The frustrating thing is that this is both the final nail in the coffin for computing freedom, while also having a legitimate use case. I'm seeing new banks that flat out do not have a web UI at all. The reality is that desktop OSs and browsers have done nothing to stop the fact that it is trivial for a regular person to accidentally install malware which is completely transparent.
Online fraud and theft is exploding right now and the average person is simply not capable of securing a laptop so the companies have decided to only allow secure access through a phone which can usually be trusted to be malware free.
And in 100 years you will need to have your brain scanned to withdraw cash. The process will validate both your identity and that you aren't being coerced.
It has to stop somewhere. 100% security may reduce the banks' fraud costs but it isn't acceptable for personal freedom. "Choose a different bank then" only works until all they all adopt it.
The banks aren't the ones taking the loss for scams since their system doesn't have any faults, it's you or your computer that authorized the translation. I can see the reasoning for the push to more secure transactions. We constantly have people being scammed of their life savings due to sophisticated attacks beyond their understanding.
I assume an old person cares about not being left poor and helpless in retirement more than they care about free software and computing freedom.
I think it's probably likely that we will end up in a situation where some devices like phones and maybe laptops are considered "secure environments" where banking transactions and such can be safely executed, while alternative devices will be available for complete freedom and tinkering. You'll likely always be able to run any program you want on your laptop but those programs will be limited to their own sandbox rather than having free access to any other programs data.
I agree, sort of -- I still think it's a farce. Unless this is implemented in a way that has a checklist that is updated so frequently as to force Windows users to do what they're often notorious for LOUDLY refusing to do... then it's more theatre.
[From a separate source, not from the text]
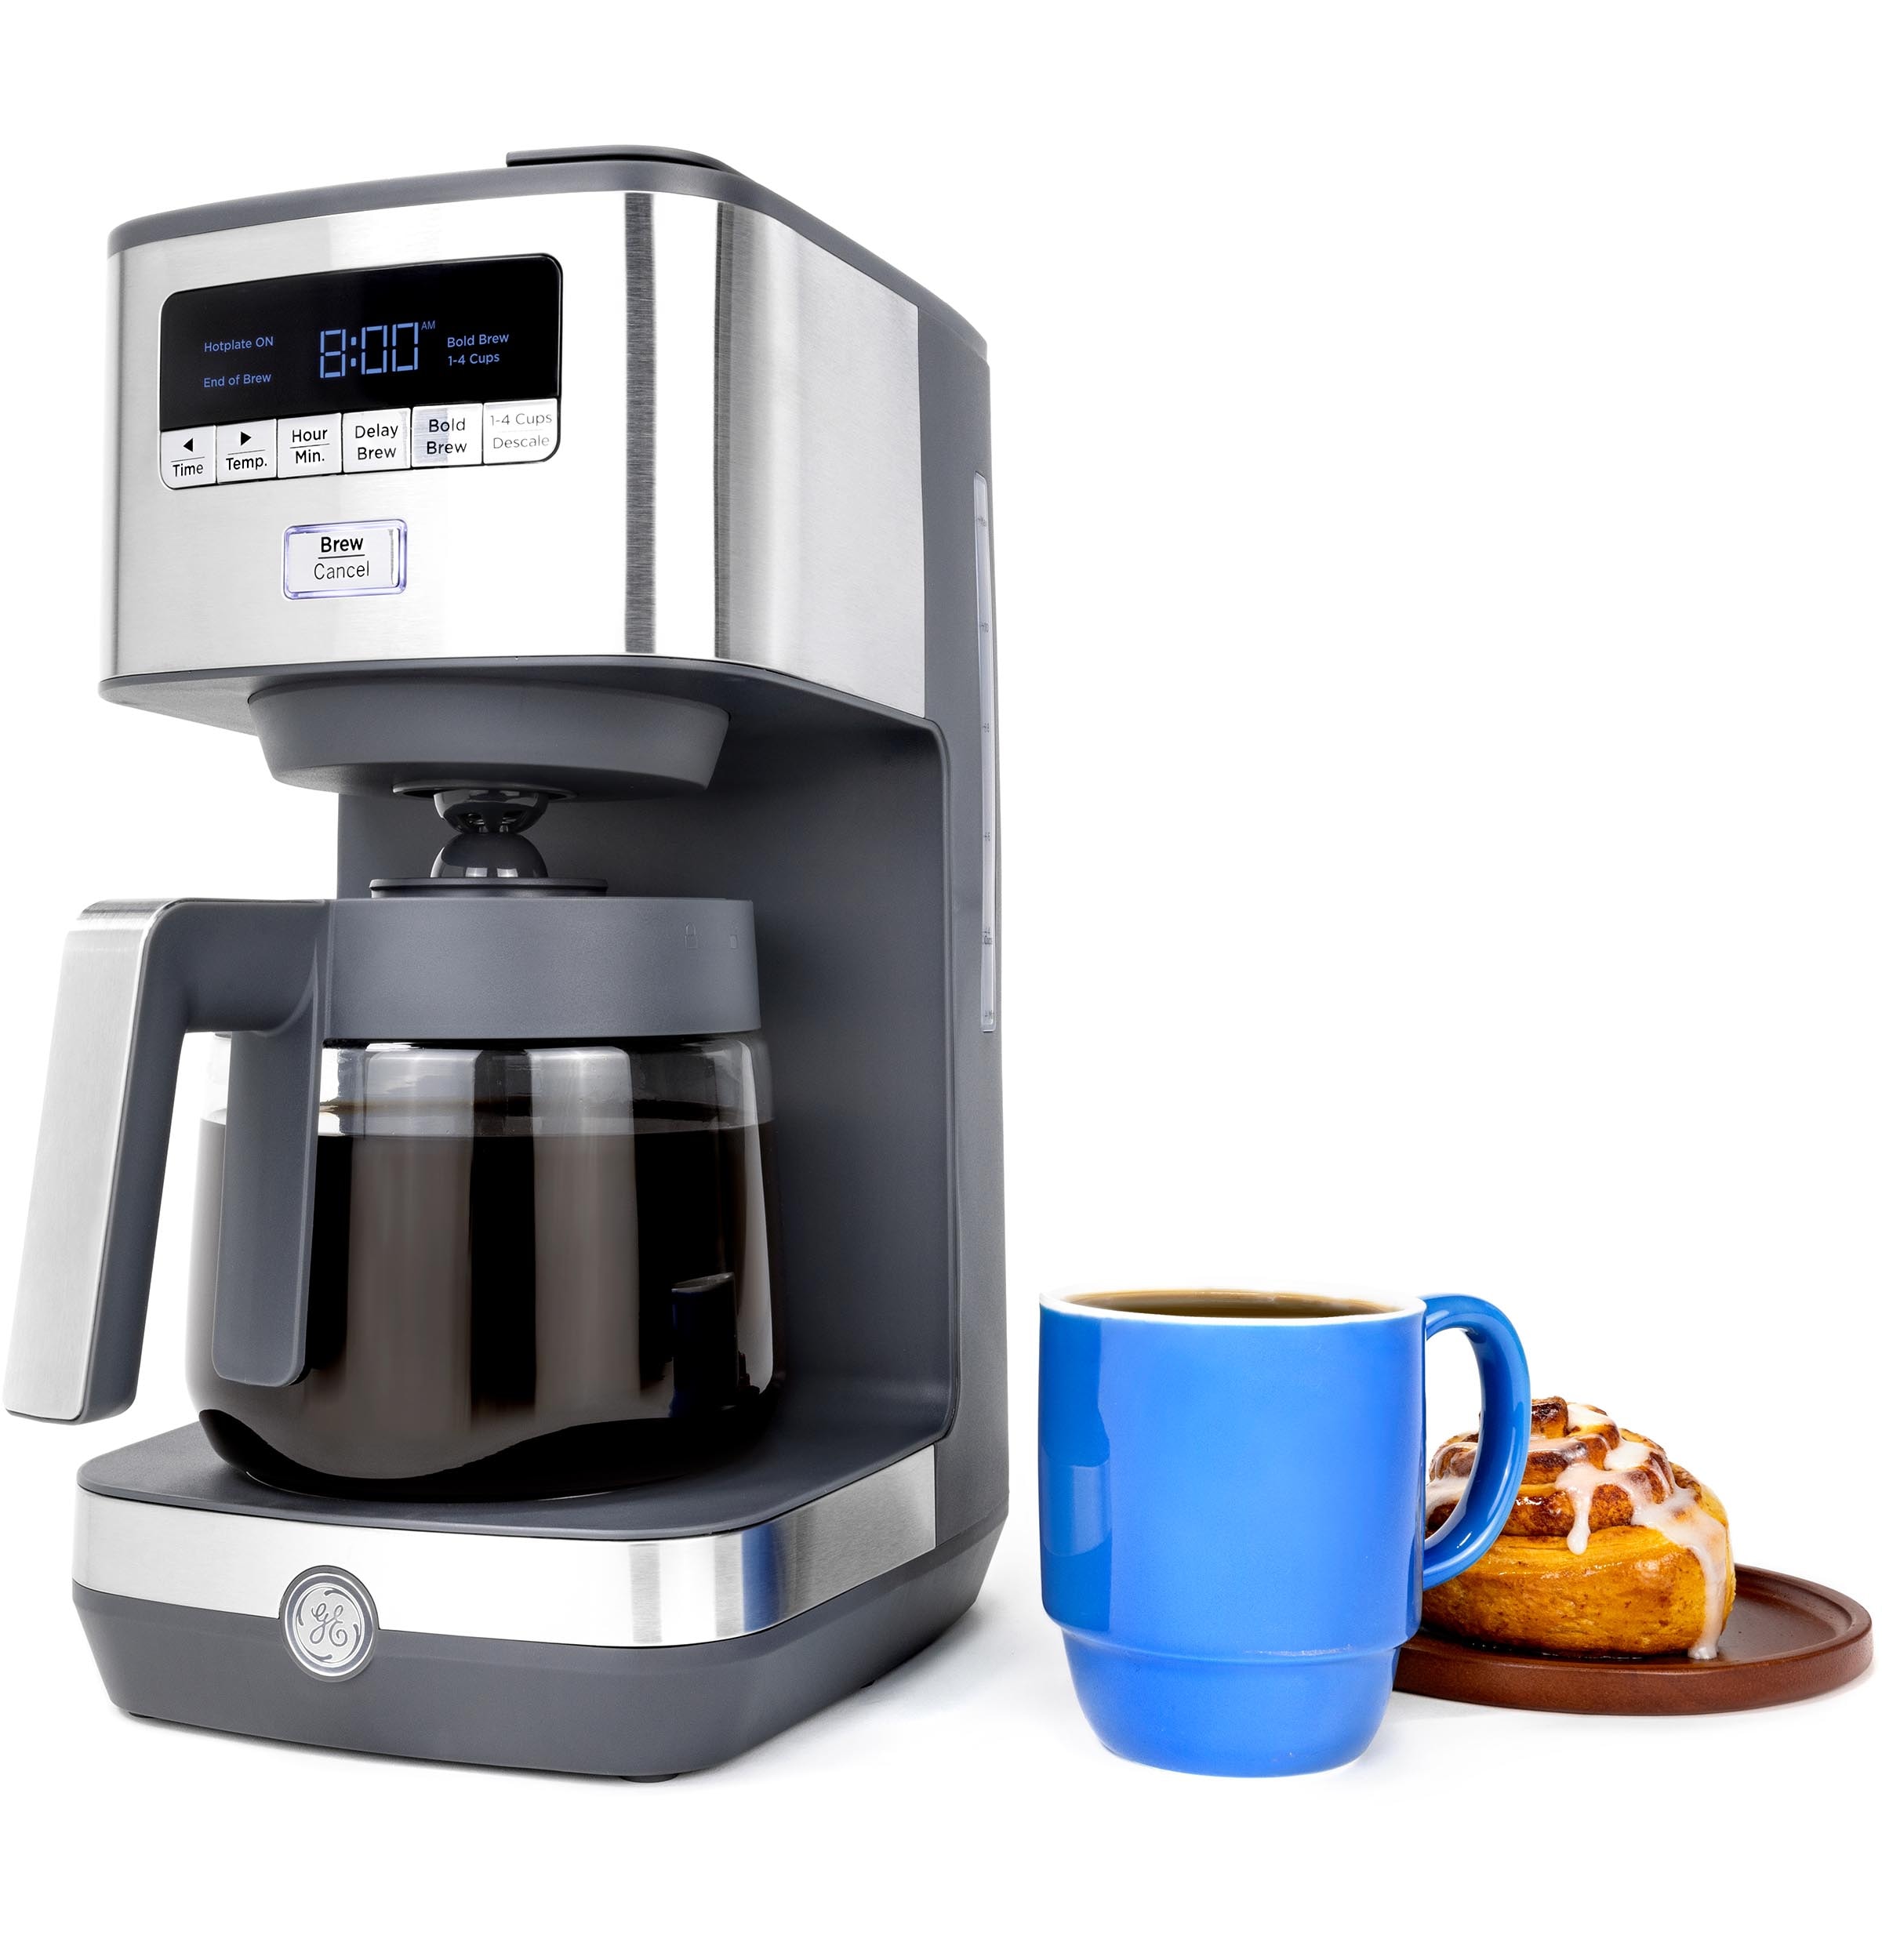  Hamilton Beach The Scoop Single Serve Coffee Maker & Fast Grounds  Brewer for 8-14oz. Cups, Brews in Minutes, 40oz. Removable Reservoir,  Stainless Steel (49987),Silver: Home & Kitchen

As long as Windows users are allowed to remain as out of date on patches as they are, and depending on what the browser users as its attestation "source", I don't see how the browser and website can ever meaningfully establish the validity of the statement "the client is trusted to be malware free".
I wish the answer was that MS would secure Windows better. Sandboxing applications, and making it a pain in the ass to request high privilege functions. The current state of things is you just get a useless popup to grant admin access which literally every program requests so as a user you have no real tools to combat malware.
It's too hard for even someone who is highly knowledgeable to know if they have malware, let alone the average person.
Online fraud and theft is exploding right now and the average person is simply not capable of securing a laptop so the companies have decided to only allow secure access through a phone which can usually be trusted to be malware free.